[PROVIDED DATA Boundary: Start]

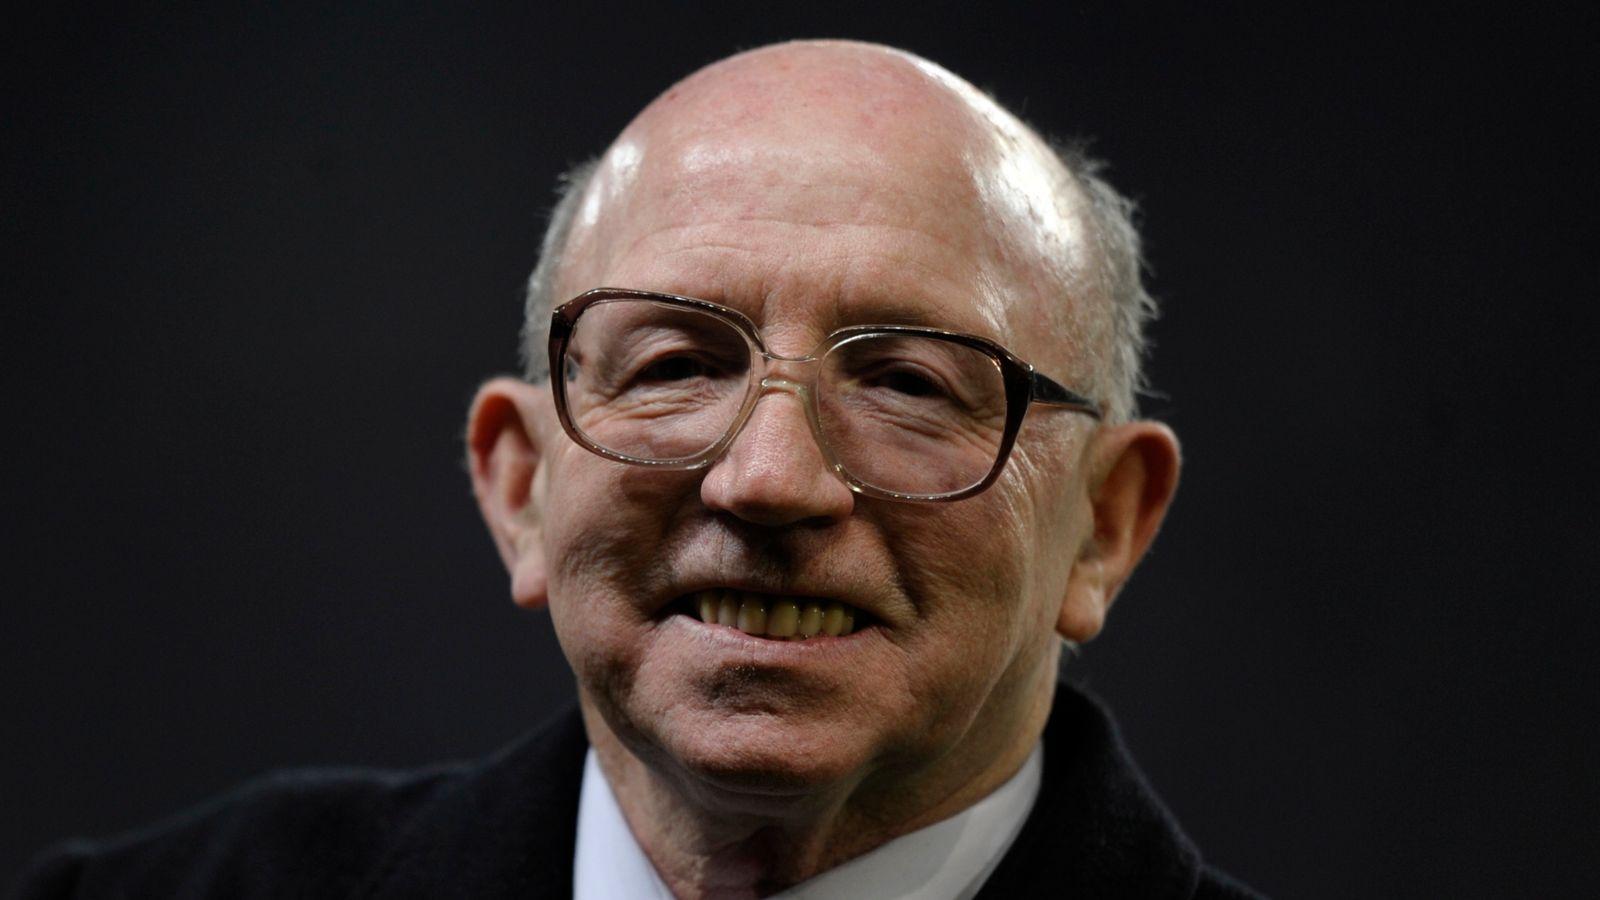 Nobby Stiles: Member of England's World Cup-winning team dies aged 78
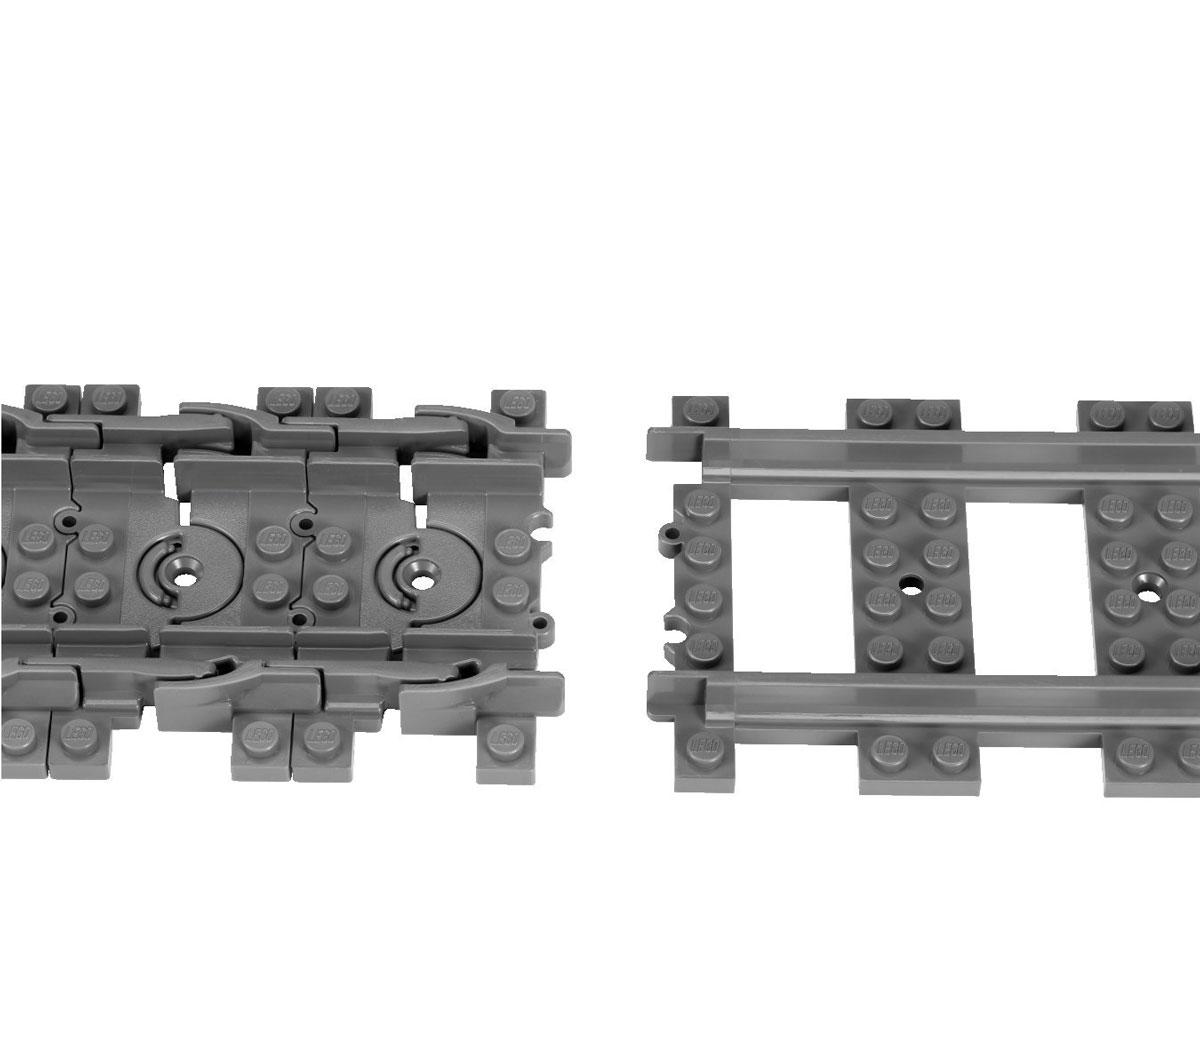 LEGO City Конструктор Гибкие пути
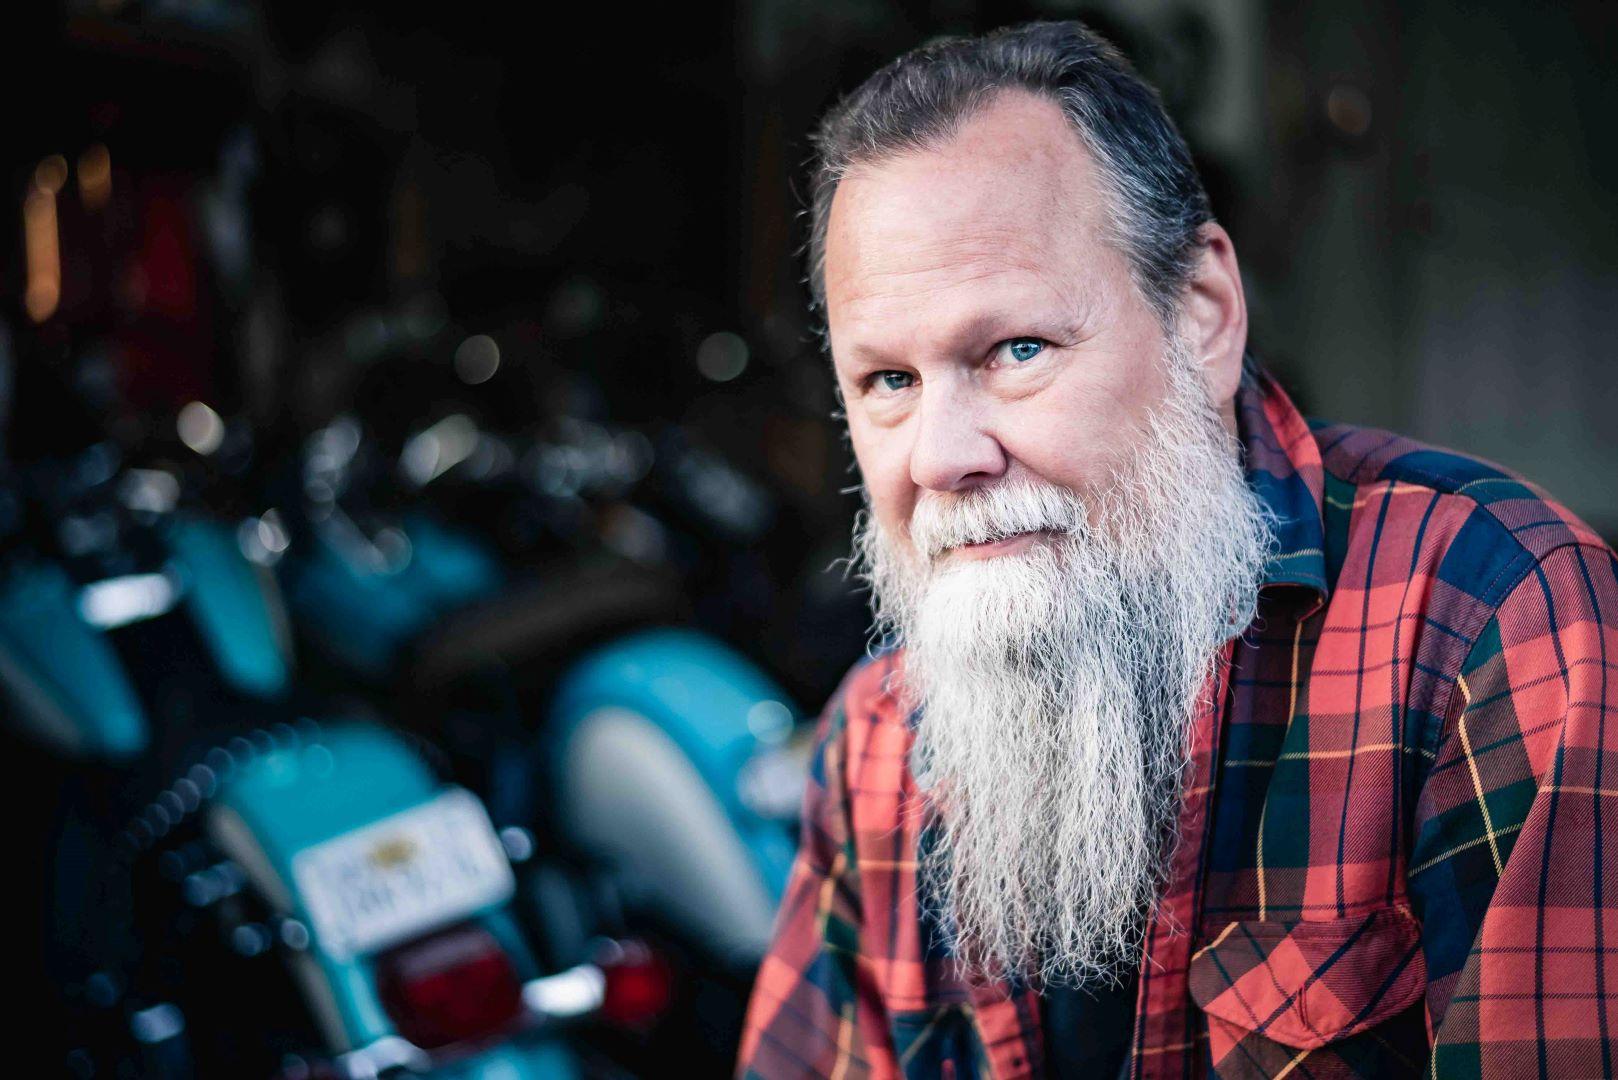 neilson corporate portrait photography beard motorcycle candid

[PROVIDED DATA Boundary: End]

> **TASK**
Please copy out the whole listing exactly, minus its pictures.

> **YOUR RESPONSE**
 Nobby Stiles: Member of England's World Cup-winning team dies aged 78
 LEGO City Конструктор Гибкие пути
 neilson corporate portrait photography beard motorcycle candid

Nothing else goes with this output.